Correction: they thought better of it. The article is at Chicken shit. --MelanieN (talk) 18:25, 18 February 2015 (UTC)
I've got a copy of Wartime laying around, so I'll take a look as time permits. I think Fussell is the best writer on military history that I've come across. Obviously his chapter on chickenshit made an impression on me. Thanks for the note, and I hope you're well. MastCell Talk 00:48, 19 February 2015 (UTC)
Yes, I am well, thank you. No infection taken from disposing of the sandbox; I was careful to wear cyber-gloves. You can never tell what might be in a sandbox. --MelanieN (talk) 15:36, 19 February 2015 (UTC)

FYI SPI opened

Since you recently made a short EW block of an IP, I'm providing an FYI that I have filed an SPI complaint. Please comment here, if you wish NewsAndEventsGuy (talk) 17:53, 19 February 2015 (UTC)

This smells like canvassing to me. I don't know who asked MC to block me, but I have zero hard feelings about being blocked since I deserved it, and since it is a routine admin. task. Are you sure that you alerted everyone that had any interactions with me NewsAndEventsGuy? Yeah, I didn't think-so, and I don't think it is the job of admin. to take your back in your over-the-top editor harassment campaigns.2601:C:67C0:F8:35B5:3331:DAB7:A60E (talk) 05:16, 20 February 2015 (UTC)
To show WP:Canvassing you'll have to demonstrate that I selectively pinged people. In reality, I attempted to ping everyone with essentially identical messages who spoke at
The suspected socks were templated, and the blocking admin got a tweaked version of the msg. But I don't think I missed anyone, do you? NewsAndEventsGuy (talk) 09:01, 20 February 2015 (UTC)
Just to be clear, no one contacted me about blocking your IP, and no one asked me to do it, either on- or off-wiki. I noticed the edit-war because the article in question is on my watchlist, and intervened. I don't have any interest in participating in the sockpuppet investigation, so whether or not this post was "canvassing" is largely academic. MastCell Talk 17:25, 20 February 2015 (UTC)

Elephant in the room

X is either Y, or a performance artist doing a remarkably precise impression of Y's pathological online personality. Or are we not supposed to mention the elephant in the room?

(Names changed above to prevent drama). I fought against this notion for a while. However, recent events have led me to revisit it. You may be correct. Several things she has said recently remind me of Y. Viriditas (talk) 01:45, 28 February 2015 (UTC)

Oh, sheesh.

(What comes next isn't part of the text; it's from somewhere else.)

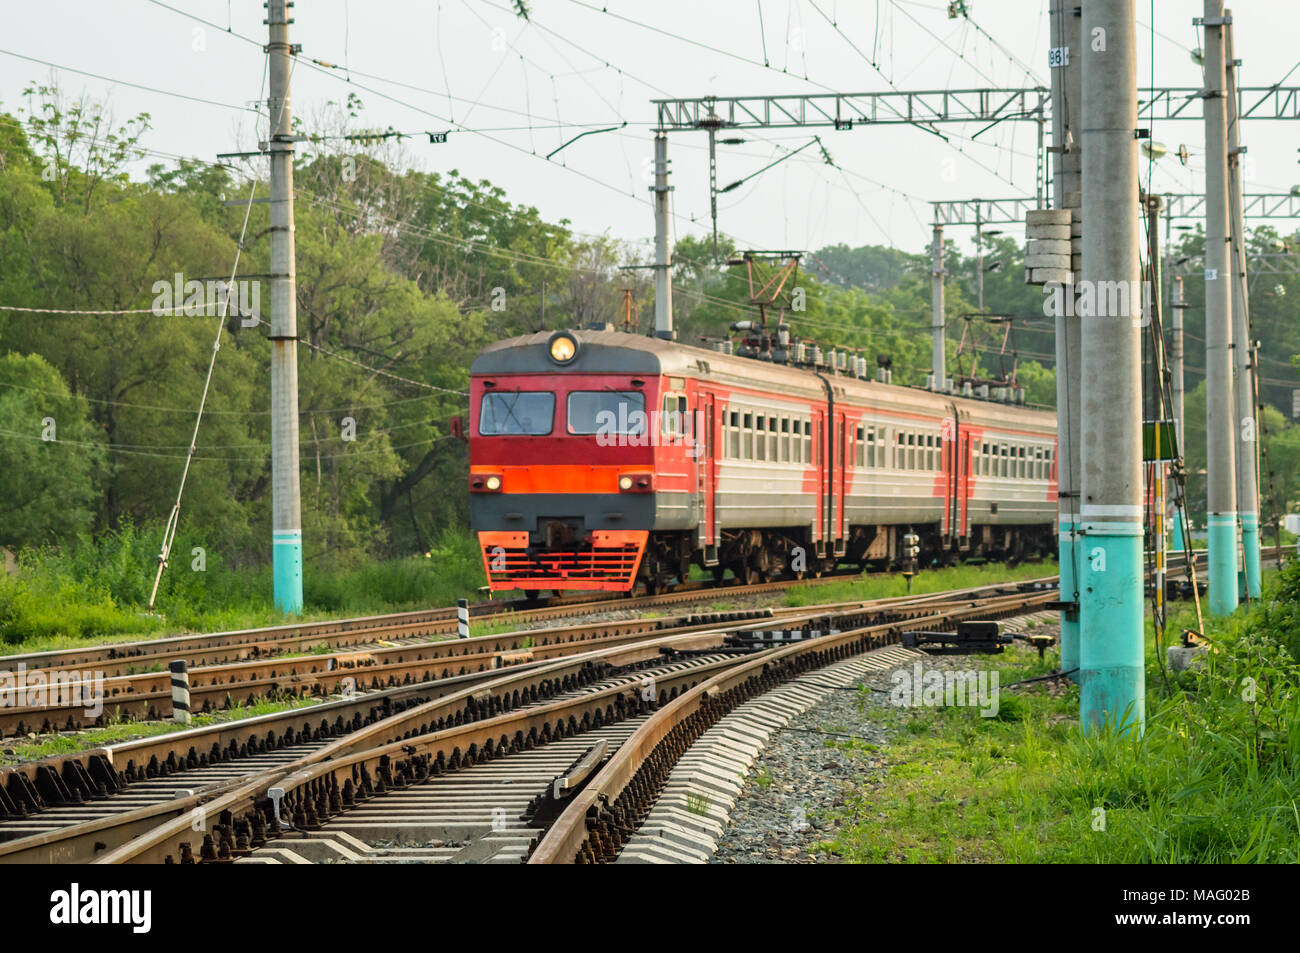 Tren Eléctrico de ferrocarriles rusos Foto de stock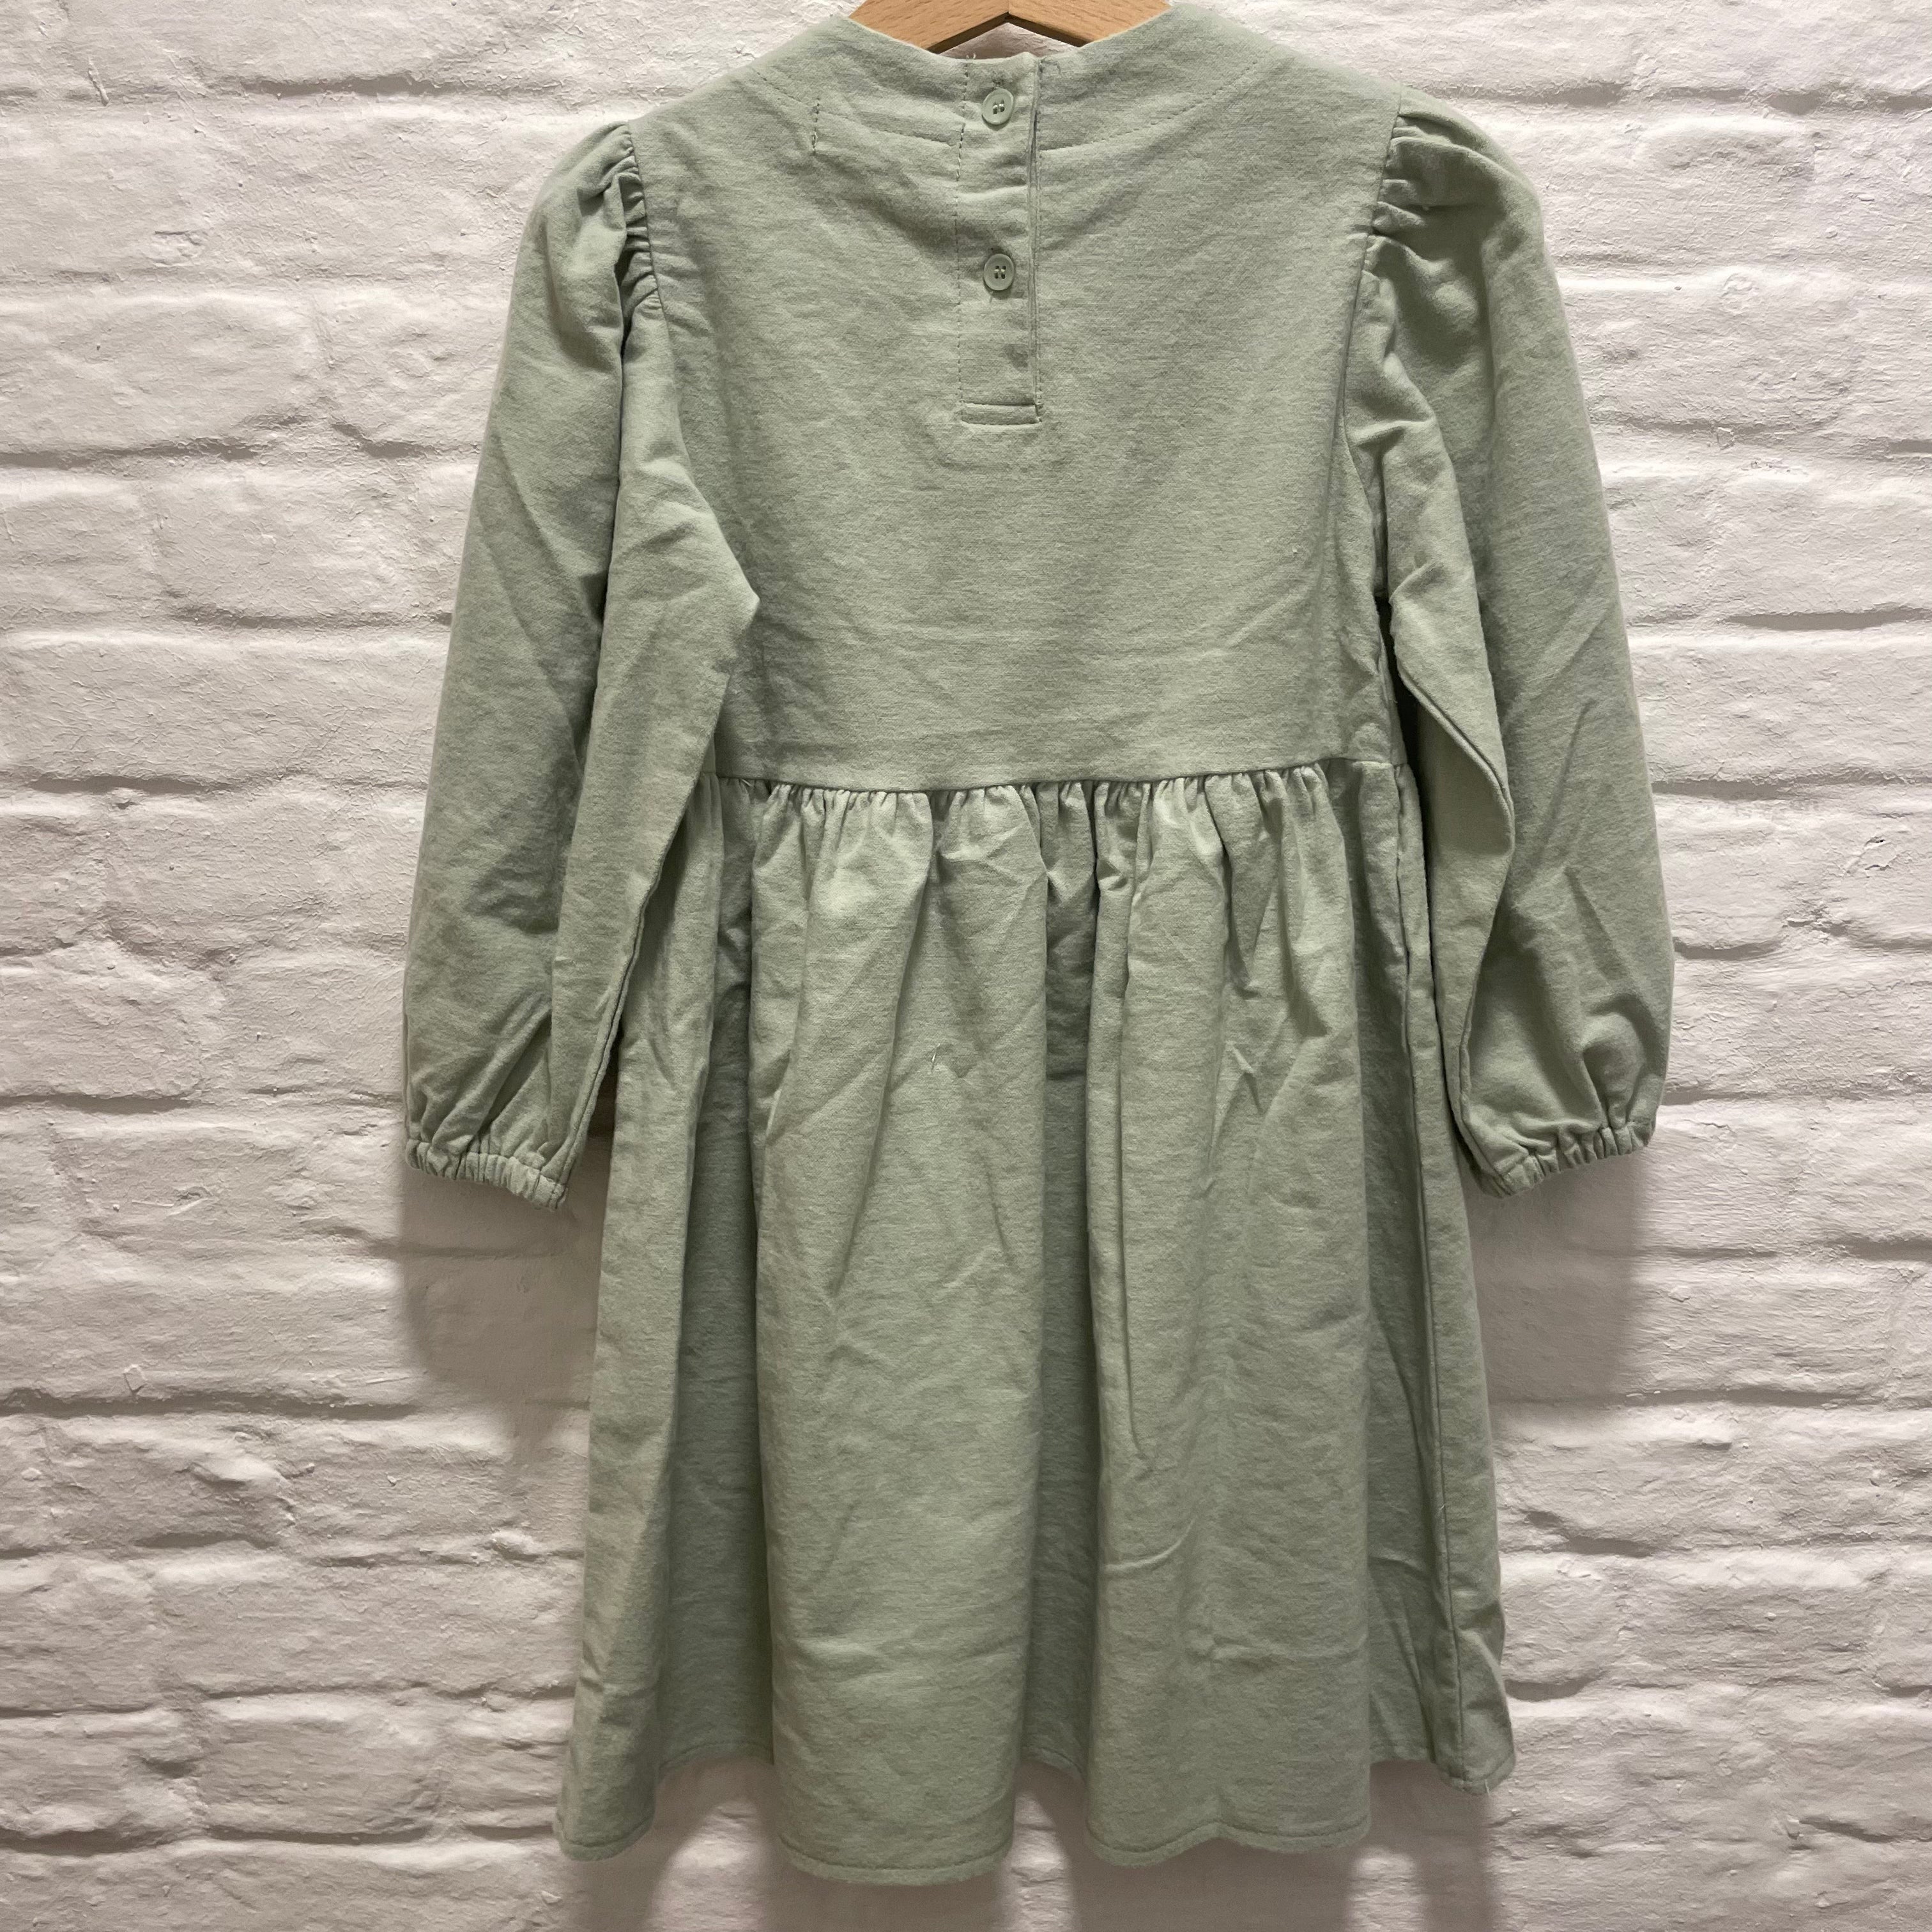 Hygge Selection - dewey dress - mint

I think the evidence might be staring right at us and I just noticed it for the first time. I don't want to give away any "tells" (per BEANS), but I think I may have nailed her. More later. Viriditas (talk) 01:53, 28 February 2015 (UTC)
No, I don't think X is Y. And I knew Y quite intimately. Z | talk 01:08, 7 March 2015 (UTC).
!?! Ω 01:46, 7 March 2015 (UTC)
Well, what do you think, Ω? Å agrees with me, you know! She has a completely different candidate for the latest Y sock. Z | talk 10:06, 7 March 2015 (UTC)
胡 Р U? СБХБ (talk) 02:42, 7 March 2015 (UTC)
So this baby seal walks into a club... — ArtifexMayhem (talk) 02:53, 7 March 2015 (UTC)
Sometimes you just can't smell the color 9. — Ched :  ?  13:21, 7 March 2015 (UTC)
If Ringling Bros. and Barnum & Bailey Circus is going to stop using elephants we probably should too. NE Ent 14:15, 7 March 2015 (UTC)
Did someone order an elephant in a room?. Buster Seven Talk 03:59, 29 March 2015 (UTC)

Thank you

I want to thank you for your reasoned and kind response to my request to unblock User:Martinphi, you made perfect sense; and I do understand it was a long reach on my part - but with the best of intentions. Dreadstar 03:35, 6 March 2015 (UTC)

No worries; I get it. Take care. MastCell Talk 00:42, 7 March 2015 (UTC)

Touché

"The continuance of this thread is therefore incredibly pointless and counterproductive even by the standards of AN/I." Making fun of ANI is probably worthwhile, but it's hard to know if it will lead to any improvement. EdJohnston (talk) 16:57, 9 March 2015 (UTC)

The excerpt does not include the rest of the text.